Tokyo Godfathers is a Christmas sermon as strong and profound as St. Chrysostom's:

Have you ever seen wealth
in such great penury?
How could He who was rich
have become, f
or our sake, so poor
that He had neither bed nor bedding
but was laid in a manger?
O immeasurable wealth
concealed in poverty!
He is bound with swaddling bands,
yet He breaks the bonds of sin.
Before He could speak
He taught the wise men
and converted them.
He lies in a manger,
yet He rocks the whole world.

The baby girl does all of the above for Miyuki, Hana, Gin, and more. I don't want to give away much more of the potency that is packed into this 90-minute film.

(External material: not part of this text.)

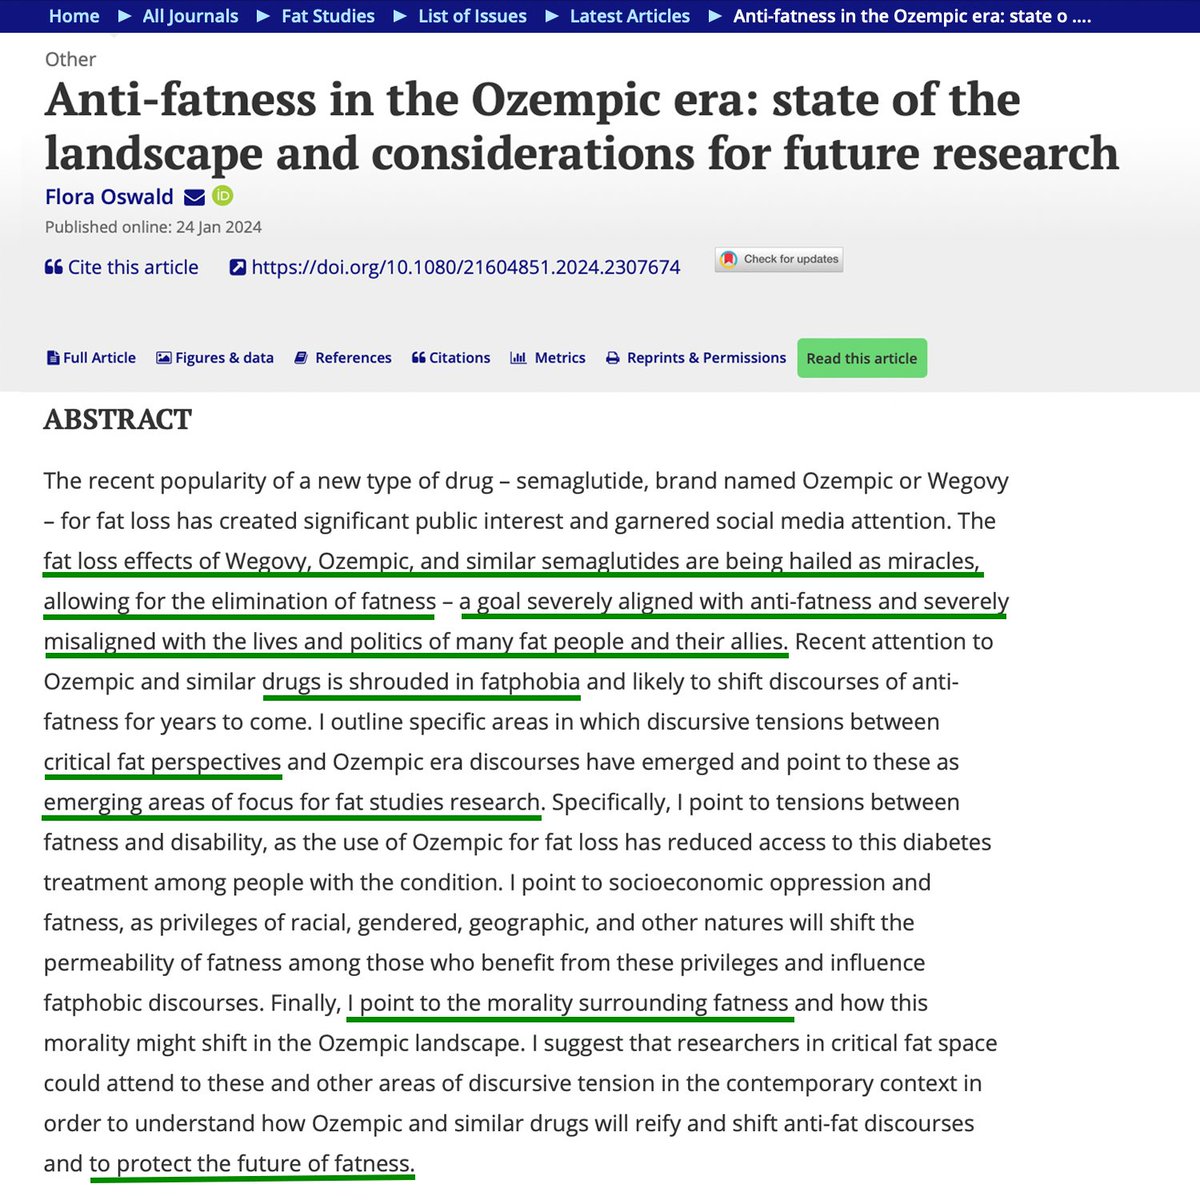 Thought I would check in with the 'fat scholars' on how they were handling all the buzz around Ozempic. Nevermind the health benefits of losing weight; Ozempic is fatphobic. More 'critical fat perspectives' are needed to 'protect the future of fatness.'

But if you're hungry to be filled with something good this season, I offer you the visual and verbal feast that is Tokyo Godfathers. It's a miracle of a film. It is a masterpiece.

In many ways, this anime illustrates what it would be like if Mary's Magnificat was cried out during Christmas in modern Tokyo by the Gospel chorus of an adolescent girl, a trans woman, and a drunk man: 
My soul magnifies the Lord
And my spirit rejoices in God my Savior
For He has looked with gracious favor
On the lowliness of us servants.
Surely from now on all generations
Will call us blessed
For the Mighty One has done
great things for us
And holy is His name ...
He has scattered the proud
In the thoughts of their hearts.
He has brought the rulers down
From their thrones
And lifted up us lowly.
He has filled us hungry
With good things
And sent the rich away empty.
To hear the song for yourself, all you have to do is join Miyuki, Hana, and Gin at their table and listen to the story of how they became Tokyo Godfathers when God gave them a Christmas present one day in the surprise of a miracle child.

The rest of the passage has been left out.